Product introductions come in all shapes and sizes: Sometimes products are chosen to expand an existing collection by adding complementary colors and shapes to the line, giving flexibility and freedom to designers and homeowners. Other launches trot out a brand new concept, something inventive and fresh—a head-turner. What will you find this season at showrooms? Both! There’s new profiles for Savoy, that beloved line of workhorse ceramics, and a sparkling new series of mosaic tile from acclaimed designer Martyn Lawrence Bullard—his sixth collection for Ann Sacks. With Eutopia Martyn brings freshness and verve to the ancient art of mosaic. (There’s never a dull moment in Martyn's world.)
Belcaro Fluted 12"x24 Field in Lilac
There’s one powerful idea that prevails over this formidable group of newcomers and it’s texture. These are tiles and stone you want to reach out and touch. If you’ve ever seen the light play off a wall of mosaic like a spindrift of glitter, or moved your fingertips toward the creamy and cool surface of honed marble then you know that appeal lies not just in the visuals but in the tactile as well. The touch trend manifests across a bevy of enticing themes — here’s the rundown.

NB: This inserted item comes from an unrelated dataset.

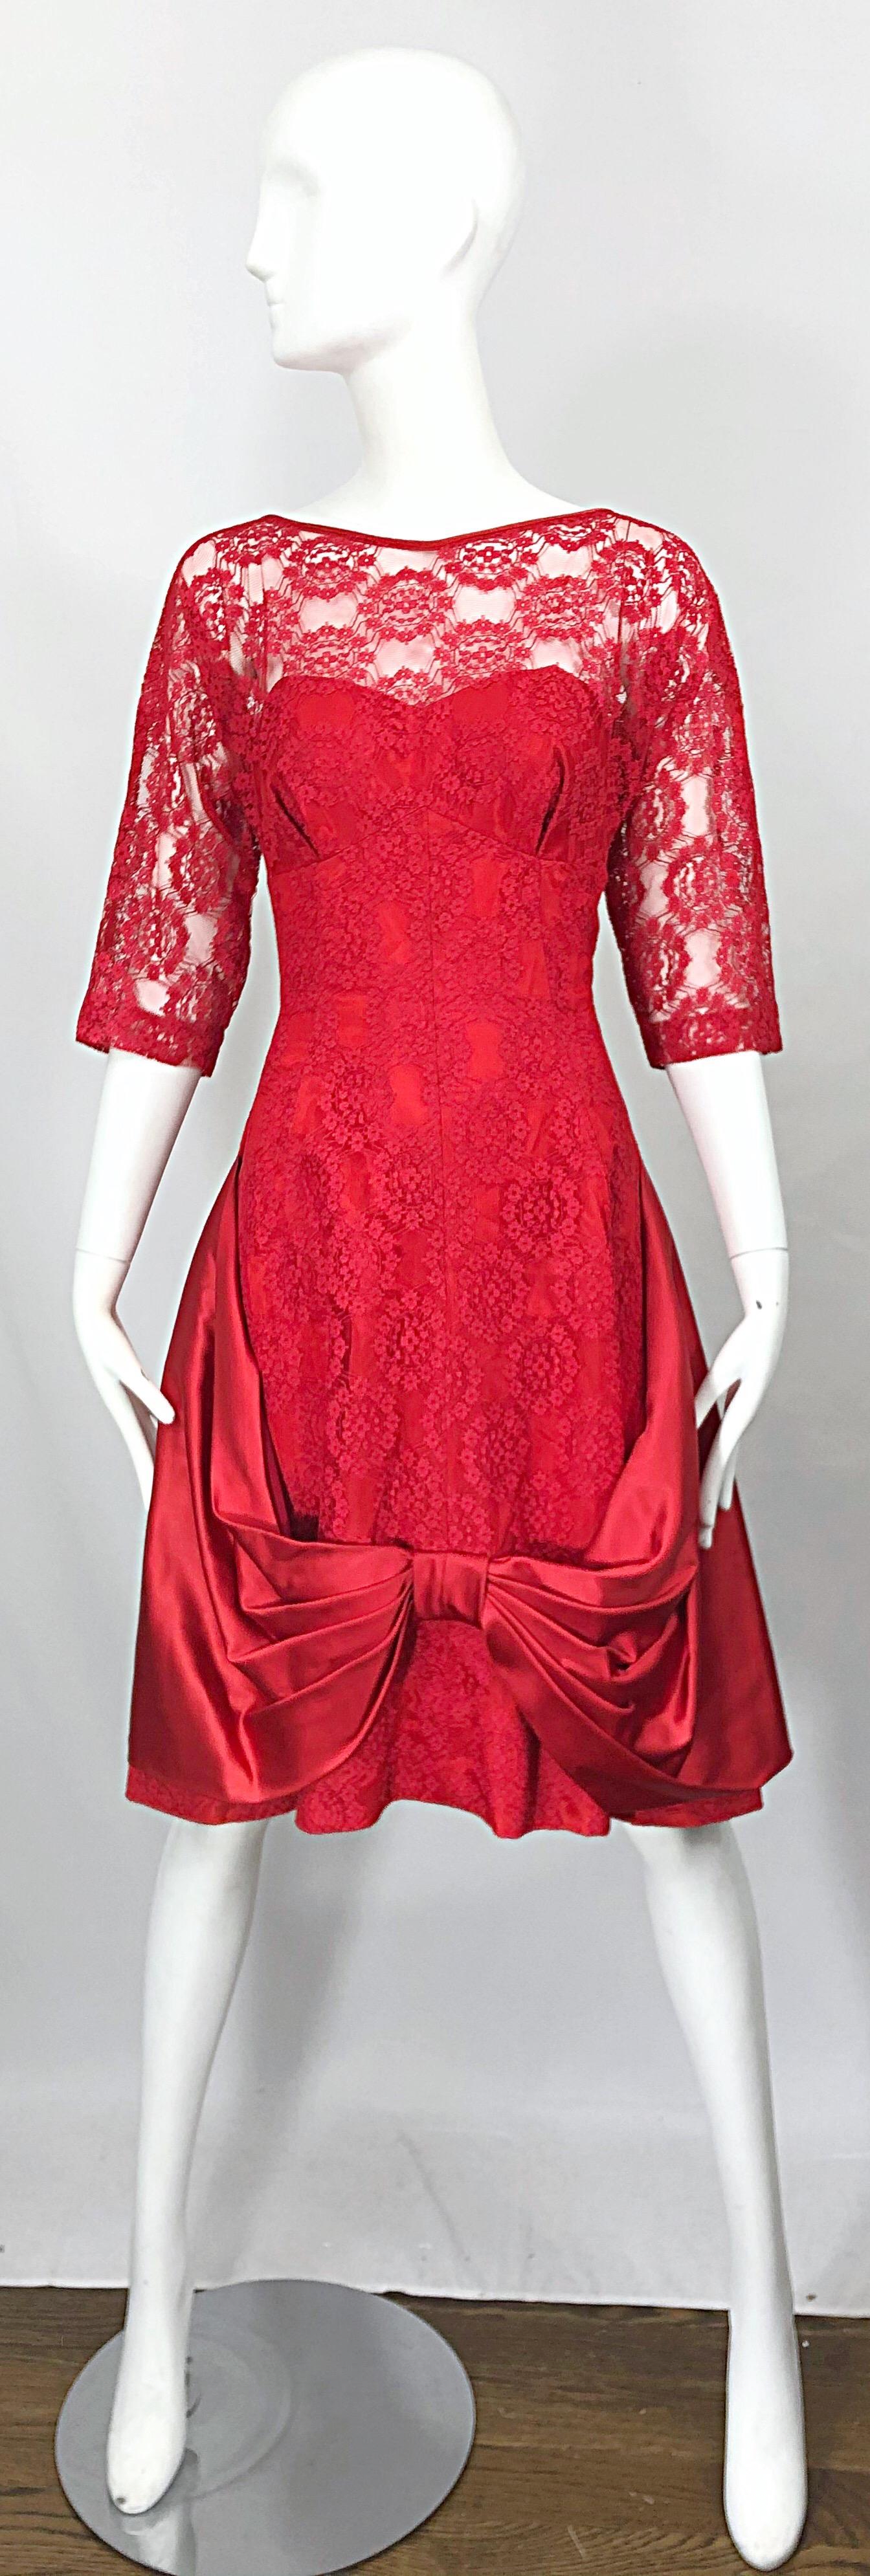 Incredible 1950s demi couture lipstick red silk lace fit n' flare cocktail dress! Features silk taffeta with red lace overlay. Large satin bow detail at center front hem. Fitted tailored bodice with a forgiving full skirt. Hidden metal zipper up the

Silea and Nero Marquina; Design by Jean Stoffer; Photography: Stoffer Photography Interiors
Pulling off the seemingly unlikely pairing of enduring classic and whimsically playful, checkerboard never hits a wrong note. The variations and applications are endlessly malleable. Old World Stone offers several options of limestone and marble; the product is honed but with antiqued edges calling to mind rustic European homes. Grand Rapids–based designer Jean Stoffer uses a product like this to help her achieve her look—interiors that feel like they could have been original because of their quality and patina—she says. “When laid as a floor, a chiseled edge on a marble tile looks so appropriately aged, there is a sense of weight and beauty that is both elegant and enthralling.”
Ashmont 6"x6" in Beige and White, Design by OD Interiors
Ashmont is weathered porcelain in a beguiling palette of sea blue-greens, navies, and neutrals, deriving its inspiration from the stucco that adorns buildings in the “Floating City” of Venice. For painterly color interplay, this is the place to start, but a pairing of Beige and Bianco is no less breathtaking.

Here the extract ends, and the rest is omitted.